DATA EXCERPT:
===

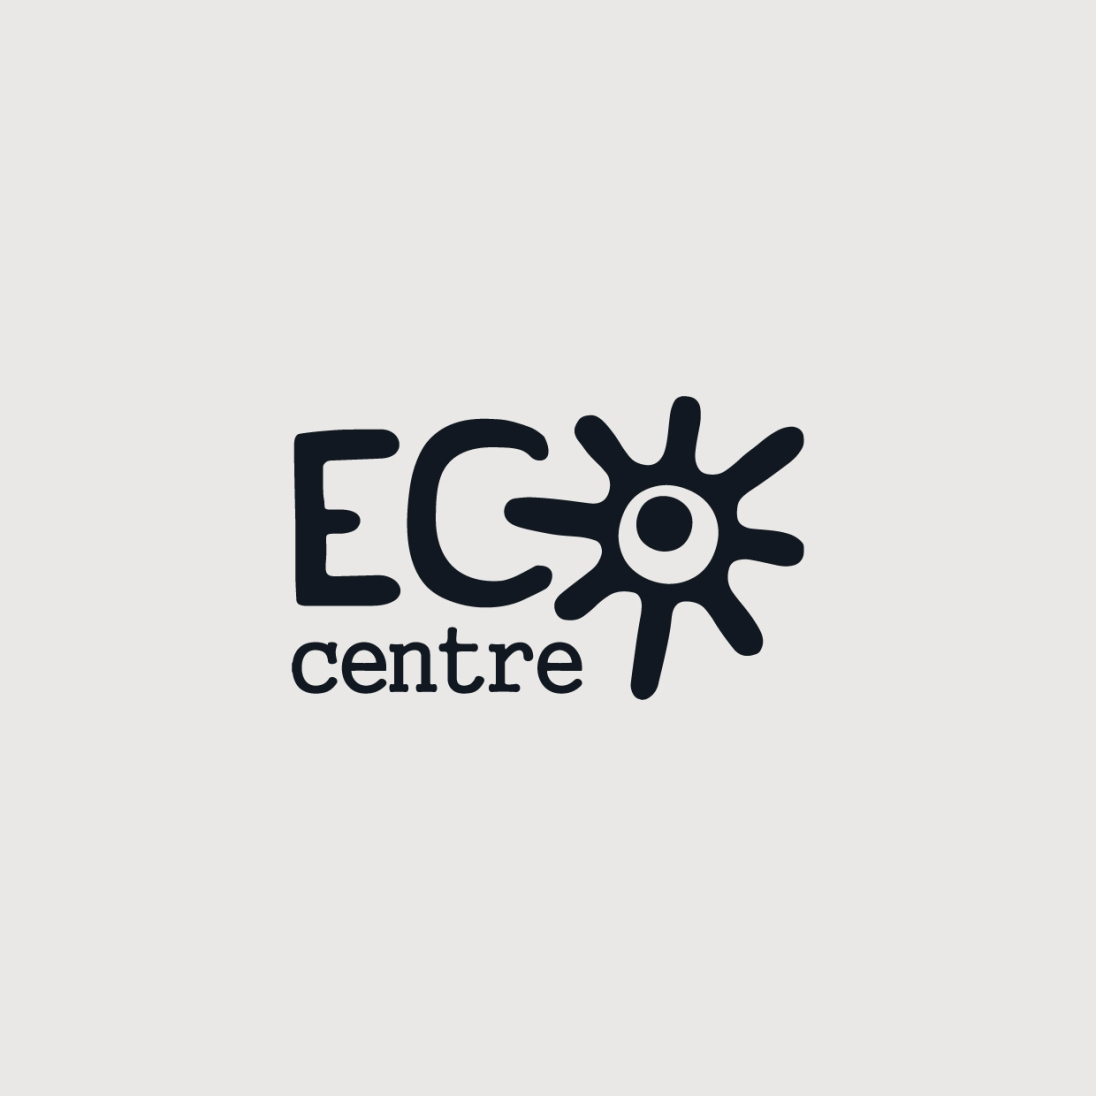 Marca EcoCentre
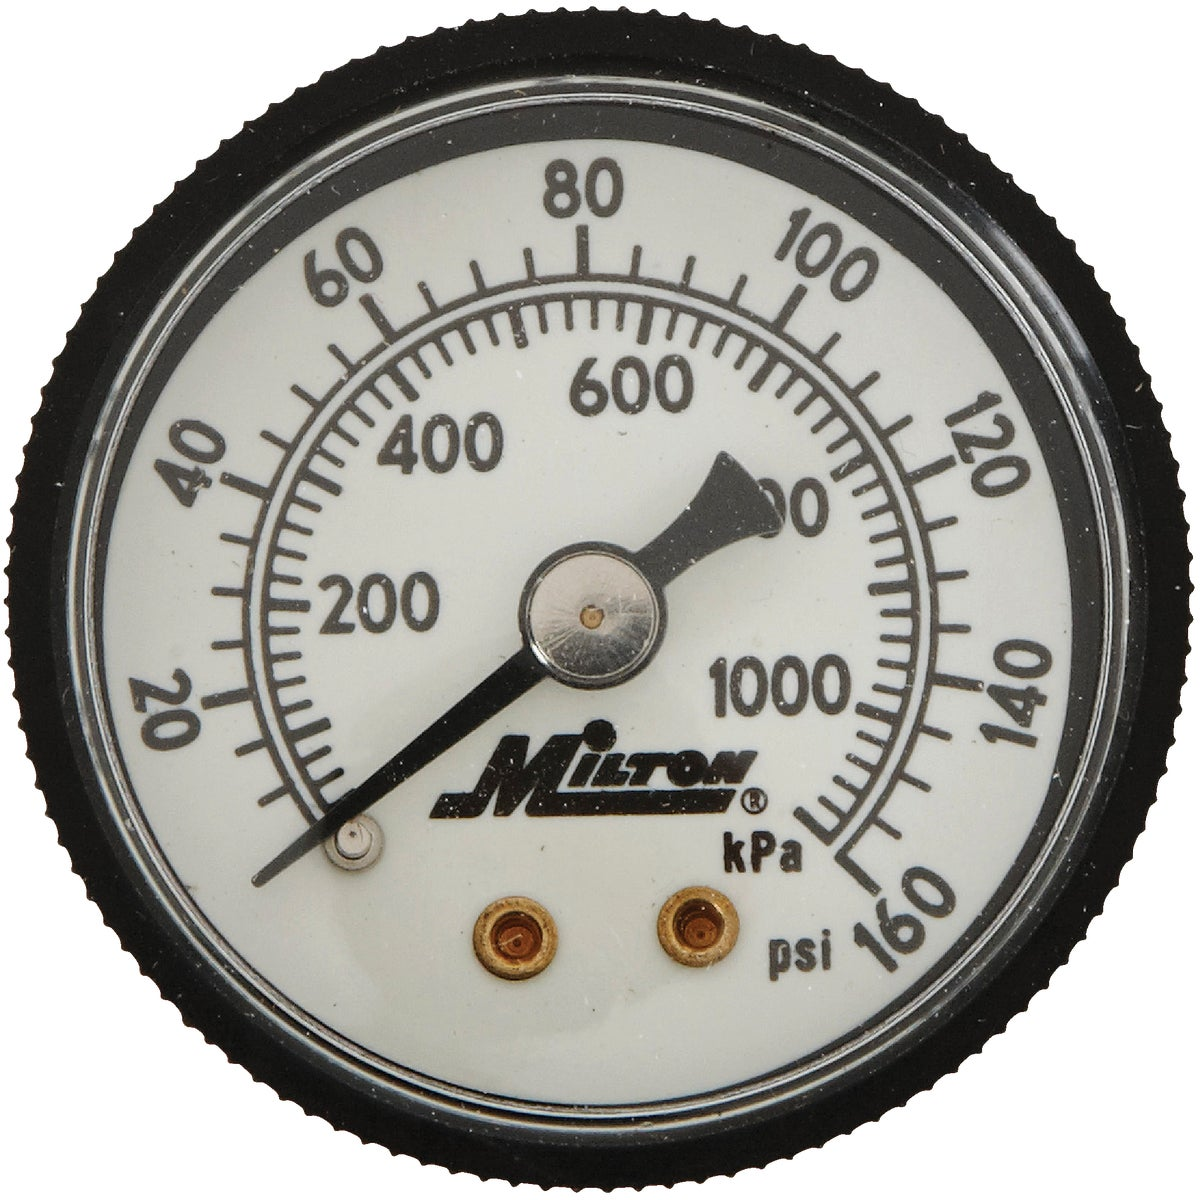 1/8 NPT MINI GAGE - 1189 by Milton Ind/ Incom
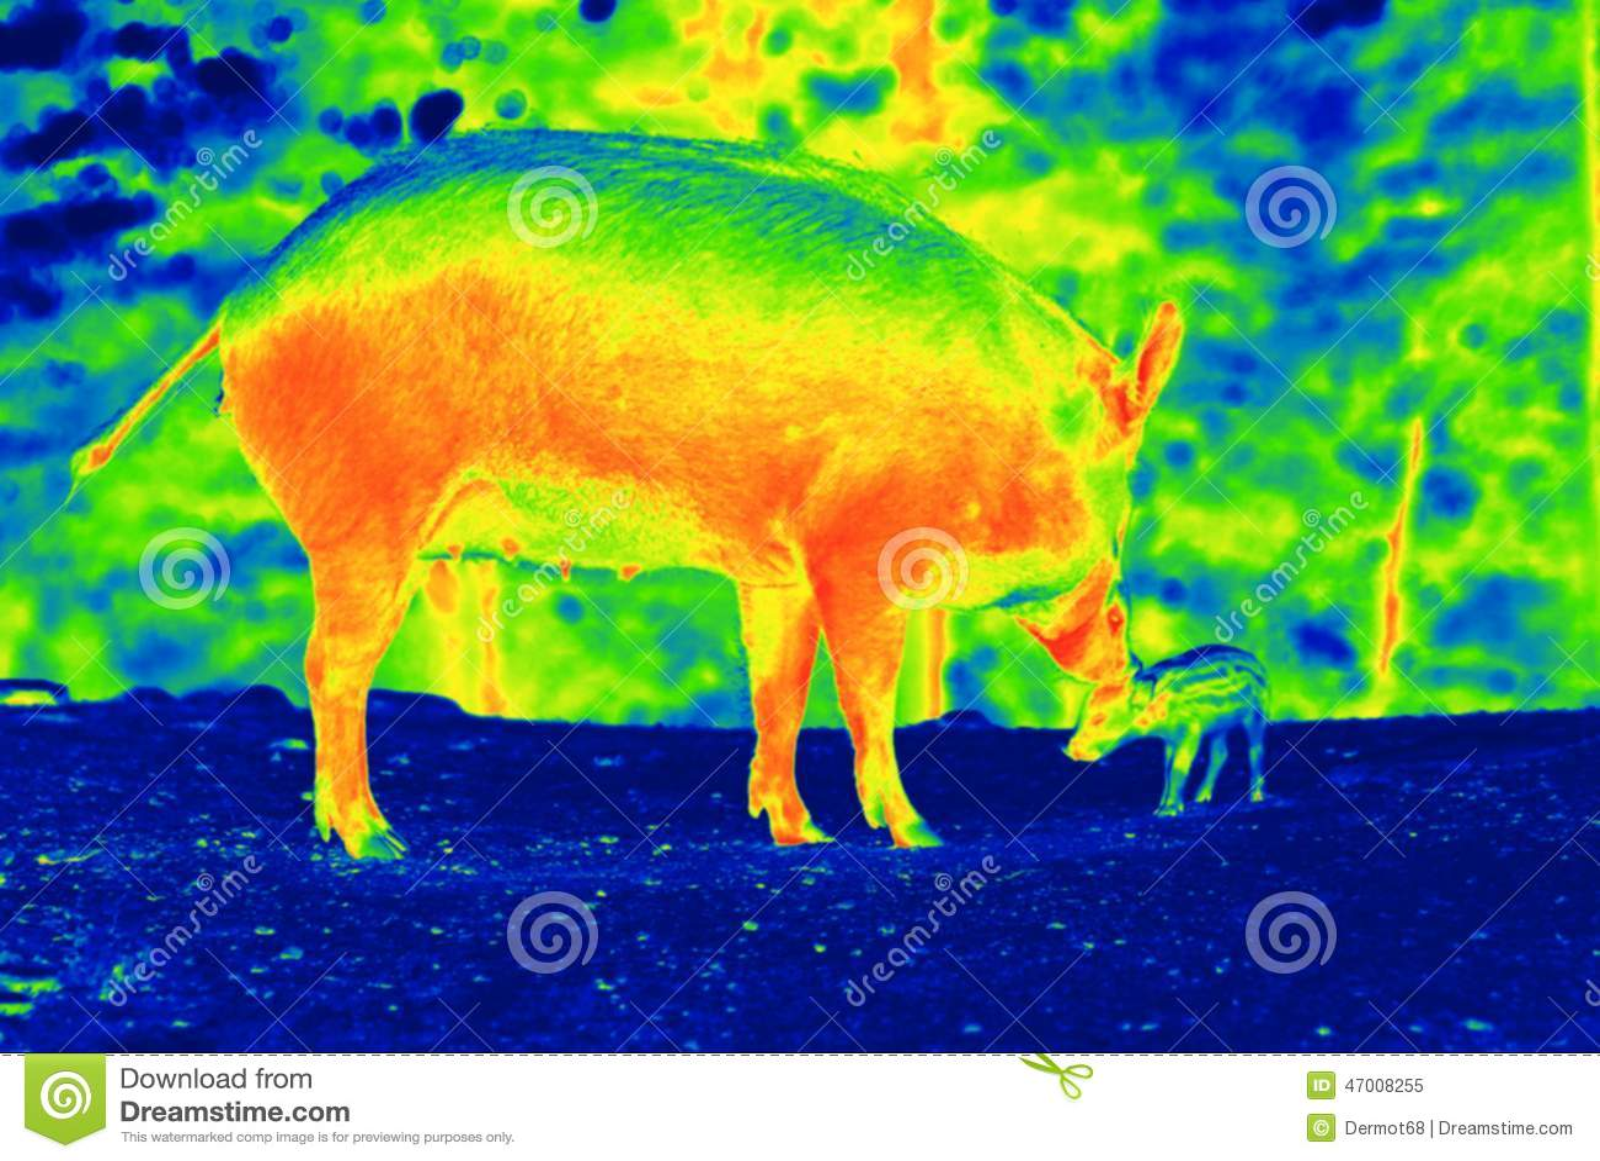 21 Bear Thermal Photos   Free & Royalty Free Stock Photos from ...

===

EXERCISE GOAL:
Leave the pictures out and output the rest of the data word for word.

TASK RESULT:
 Marca EcoCentre
 1/8 NPT MINI GAGE - 1189 by Milton Ind/ Incom
 21 Bear Thermal Photos   Free & Royalty Free Stock Photos from ...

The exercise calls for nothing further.